Domain Generation Algorithms (DGAs) have evolved beyond traditional pseudorandom patterns, with wordlist-based variants generating linguistically coherent domains that evade conventional detection methods. While previous research has primarily focused on generalist detection approaches across multiple DGA types, systematic expert model selection specifically targeting wordlist-based variants remains largely unexplored. This work addresses expert model selection for wordlist-based DGA detection, where expert models refer to specialized architectures trained exclusively on specific DGA categories. We conduct systematic evaluation of seven candidate models across transformer, convolutional neural network (CNN), and traditional machine learning approaches. Models were trained on a balanced dataset of 160,000 domains spanning eight wordlist-based DGA families and evaluated using a rigorous two-phase protocol that measures both performance on training families and generalization to previously unseen variants. Our comparative analysis identifies fine-tuned ModernBERT as the optimal expert model, achieving 86.7% F1-score on known families while maintaining 80.9% performance on unknown families with 26ms inference time on NVIDIA Tesla T4 GPUs, enabling processing of approximately 38 domains per second. The study validates that domain-specific expert training significantly outperforms generalist approaches trained on diverse DGA families, with F1-score improvements of 9.4% on familiar variants and 30.2% on unseen families. This performance gain indicates that focused expertise develops transferable linguistic patterns rather than memorization of specific family characteristics.

Downloads

Download data is not yet available.

Author Biographies

Reynier Leyva La O, GridTICs, Facultad Regional Mendoza, Universidad Tecnológica Nacional, Mendoza, Argentina, and also with the National Scientific and Technical Research Council (CONICET), Godoy Cruz 2290, C1425FQB, CABA, Argentina

Reynier Leyva La O received the degree in Automation Engineering from the Universidad de Oriente, Santiago de Cuba, Cuba, in 2015. He is currently pursuing the Ph.D. degree in Computer Science at the Universidad Nacional del Centro de la Provincia de Buenos Aires (UNICEN), Argentina, under a research fellowship from the National Scientific and Technical Research Council (CONICET). He is affiliated with GridTICs, Facultad Regional Mendoza, Universidad Tecnológica Nacional (UTN), Argentina. His research interests include the application of artificial intelligence to cybersecurity.

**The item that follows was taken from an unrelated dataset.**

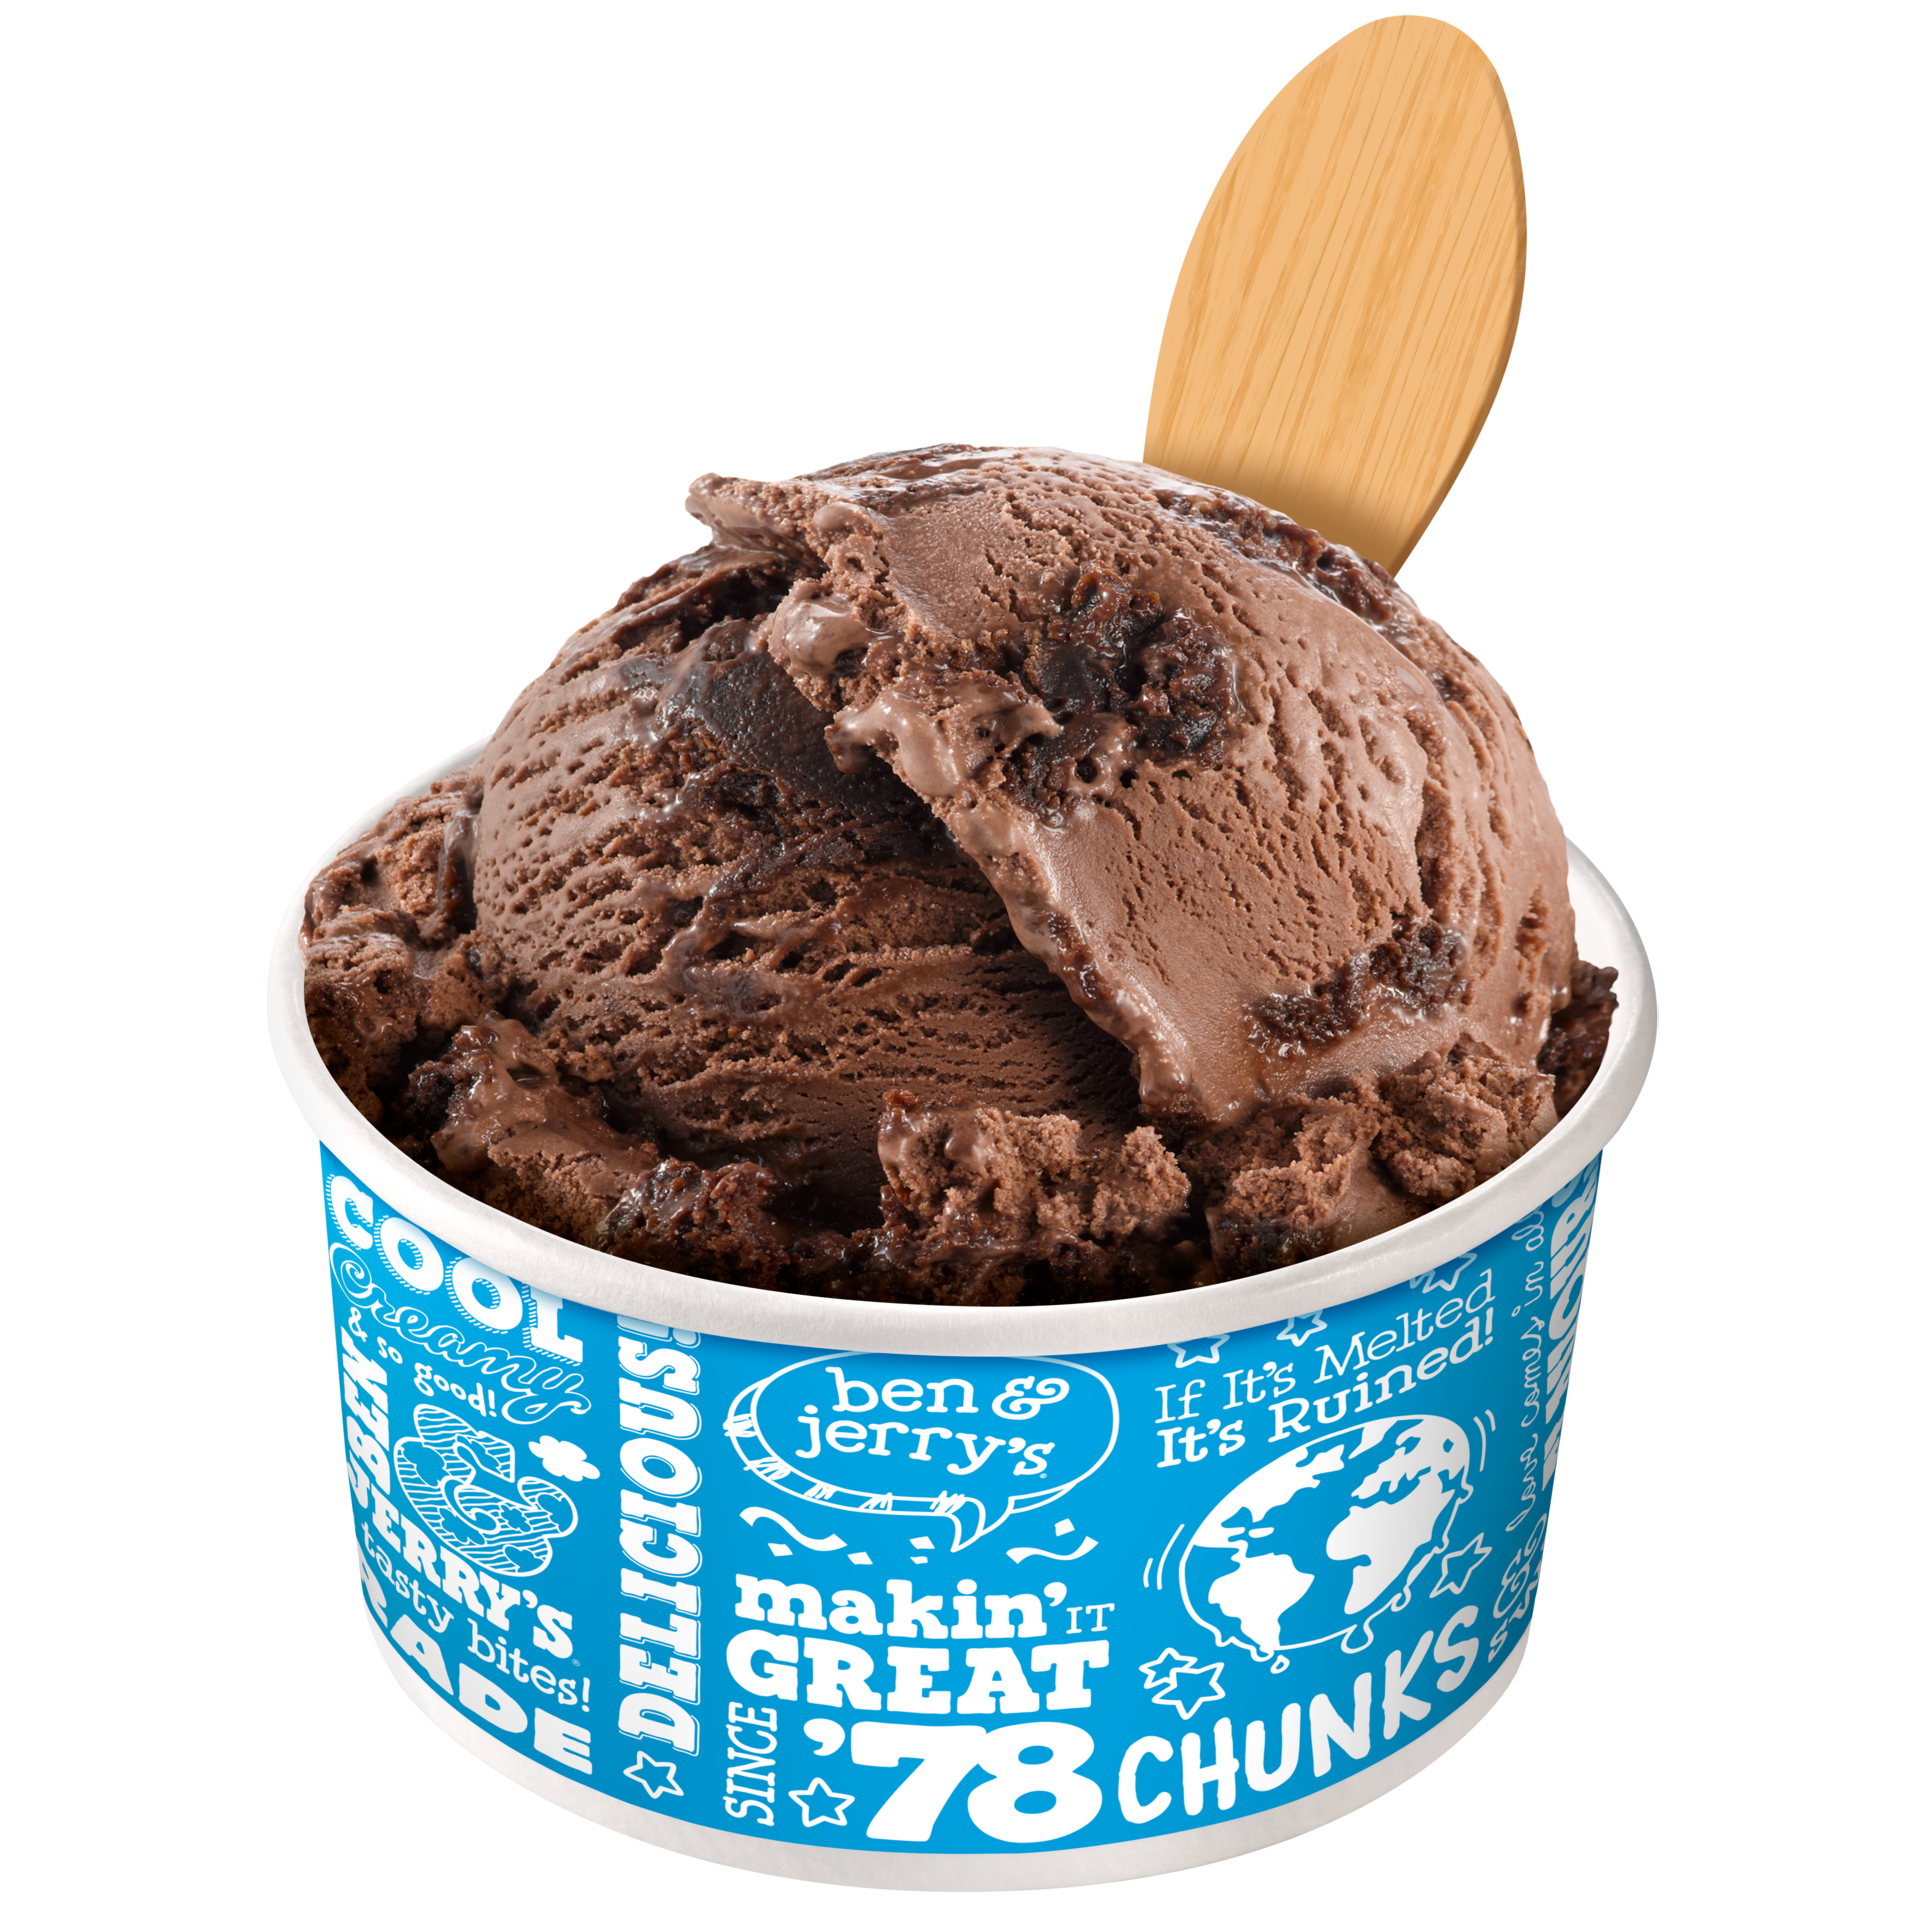 Chocolate Fudge Brownie Original Ice Cream in Scoop Shops

Carlos A. Catania, LABSIN, Facultad de Ingeniería, Universidad Nacional de Cuyo, Mendoza, Argentina, and also with the National Scientific and Technical Research Council (CONICET), Godoy Cruz 2290, C1425FQB, CABA, Argentina

Carlos A. Catania has been a Professor in the Computer Science Department at the Universidad Nacional de Cuyo, Mendoza, Argentina, since 2008. He holds a Ph.D. degree in Computer Science from the Universidad Nacional del Centro de la Provincia de Buenos Aires and a Master’s degree in Data Networking from the Universidad de Mendoza, Argentina. He is currently the Head of the Intelligent Systems Laboratory (LABSIN) at the Faculty of Engineering, Universidad Nacional de Cuyo. He has nearly 20 years of experience in the development of machine learning applications in various areas of industry and science, such as computer security, medicine, animal behavior, navigation systems, and the wine industry. He has authored or coauthored more than 40 publications in national and international conferences and journals.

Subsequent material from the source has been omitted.